As defined by wikipedia, forgiveness is the intentional and voluntary process by which a victim undergoes a change in feeling and attitude regarding an offense, lets go of negative emotions such as vengefulness, with an increased ability to wish the offender well.
The question is, “Is it easy to forgive”?
For me, it’s not. Especially if the person you love hurts you even if he promised not to do so. Lying, cheating, everything bad is unforgivable.
But my perception changed when I was able to attend a Life in the Spirit Seminar last May 6-7, 2017. My neighbor/godparent invited me to attend. So I went with her because I wanted to bring myself closer to God. At the last day of our seminar, we did this so called “baptism of the holy spirit” wherein we were asked to sit properly, close our eyes, pray, raise our hands to praise God and let the holy spirit enter us. As I closed my eyes, I prayed with all my heart. Tears were overflowing from my eyes as I cast all my burdens to God. I raised my hands then I saw a vision. It was very dark but I can see God. He’s glowing, He’s wearing white, He’s walking towards me. I said, “God I love you, I need you. You are my savior. You are my everything. Please help me forgive the person who caused me so much pain. Help me forgive the person who is the reason of my tears and my sleepless nights. I love you, God. Please hold my hands”. Suddenly my hands were trembling. Feels like a bolt of electricity was running through my veins. My arms and my hands felt so heavy. Then I saw God in front of me, kneeling while laying His hands on my lap. He didn’t say anything but I guess it’s His way of saying He has forgiven me, that He loves me, that He will heal me. Then the heaviness in my hands and arms slowly fade away. The hefty wrath was no longer inside my heart. It is God who took it away. I felt happy and light after that session. From that moment, I decided to bury the hatchet with people whom I had conflicts with in the past. Forgiveness comes easy if we ask God to help us forgive ourselves and other people.
Jun, if you’re reading this. I just want you to know that I have forgiven you. Despite your mistakes, I still want to thank you. I know that you’re a good person. We, as human beings tend to do bad things due to some circumstances. For more than 4 years, we’ve been through so many ups and downs. You were there and I was there with you also.
Thank you for loving me even if I’m not a beautiful girl back then. Thank you for picking me up when I was down. Thank you for understanding me even if I get angry with you when I am on my period.
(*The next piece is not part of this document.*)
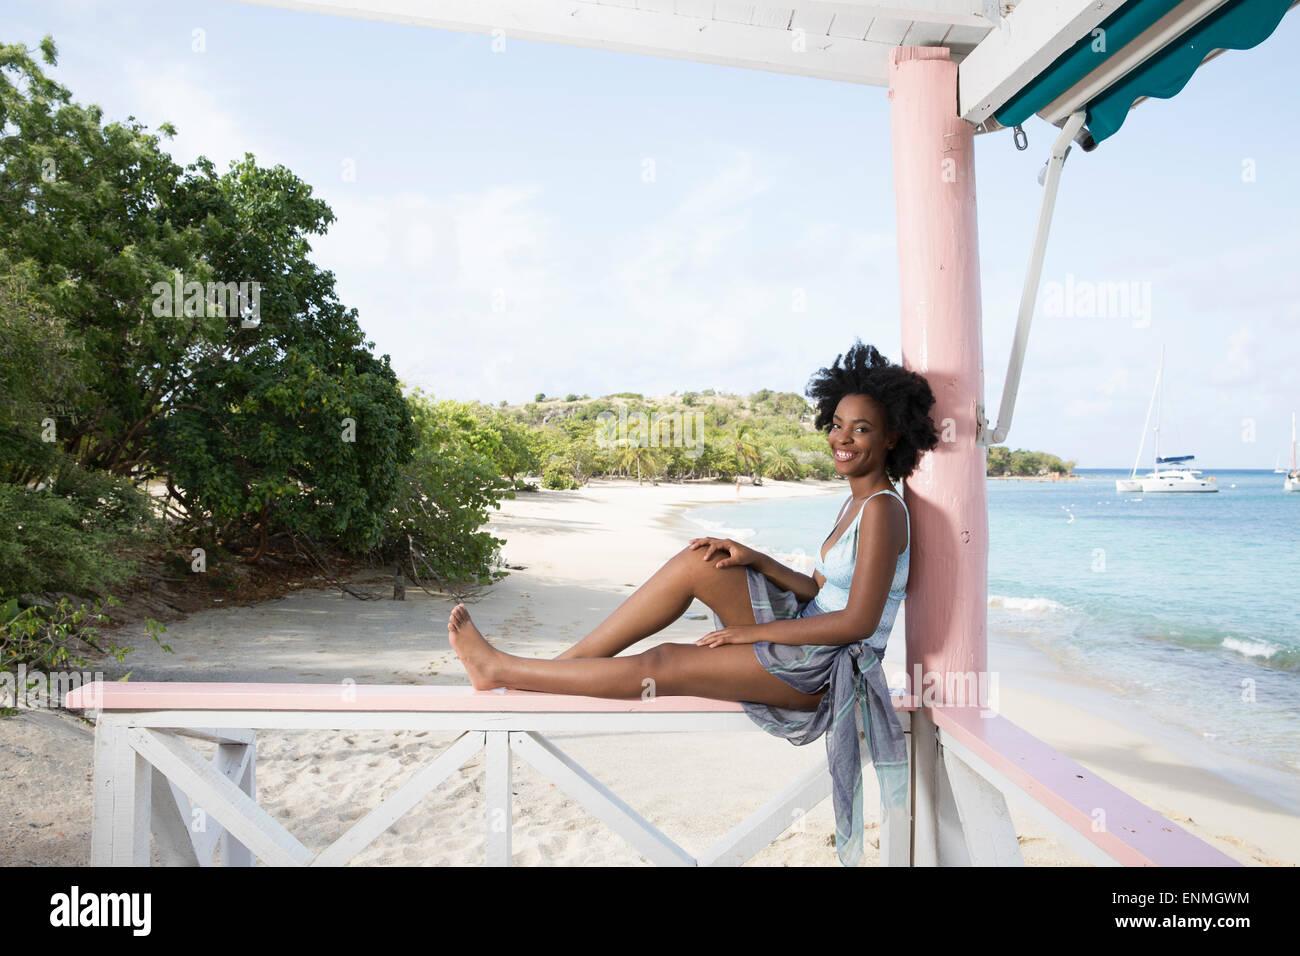 Joven negra sentado en el cerco en el bar de la playa, sonriendo a la cámara Foto de stock

Thank you for throwing random surprises. Thank you for taking me on a date. Thank you for making me feel so special. Thank you for coming into my life.
Thank you for your eyes because your eyes were able to see the real beauty and goodness in me. The eyes that were able to express thousands of emotions. Thank you for your nose for it was able to like my natural scent. The nose which I used to adore because of its perfect shape and it made you look even more handsome. Thank you for your ears because your ears were always ready to listen to my problems, rants and my distress. The ears which I used to whisper “I love you”. Thank you for your lips for it was able to say good and sweet things to me. The lips that gave me slow, passionate and torrid kisses. Thank you for your hands because your hands were able to protect and help me at all times. The hands that used to hold mine tightly. Thank you for your shoulders for it was able to give me comfort. The shoulders which I used to cry and lean on. Thank you for your arms because your arms were able to protect me from harm and cold weather. The arms that used to hug me oh so tight. Thank you for your feet for it was able to take me to places. The feet that can endure long but sweet walks. Thank you for showing me how it is to love, to give chances and to take risks.
Words won’t be enough to let you know how thankful I am to you. Words won’t be enough to express how much I love you and how much you mean to me. Looking back, it’s just funny knowing that we already have names for our future children, plans where to lived, places to go and things to do. But it didn’t turn out the way we wanted it to be. It simply reminds us that only God has the ultimate control in everything. I know breaking up was hard, painful and stressful. I had to go through the most afflicted chapter of my life. But now that I have God, I can see that everything happens for a reason and things are slowly falling to its places.
Ed Sheeran said to his song, “Baby you look happier, you do. My friends told me one day I’ll feel it too. But until then I’ll smile and hide the truth. But I know I was happier with you”. Truth be told. Yes, I was happier with you. But don’t worry, I am grateful with what’s left with me and I look forward to what is coming. Therefore I want you to be happy also even if that happiness no longer includes me. Moving on is not a ride away. We have to cross oceans, desserts and even mountains to be able to find ourselves again.
So moving forward, if ever our paths should cross again, I’ll smile at you without any hesitation. No more grudges. No more madness.
Someday. Yes, someday. We will live happily ever after. Separately.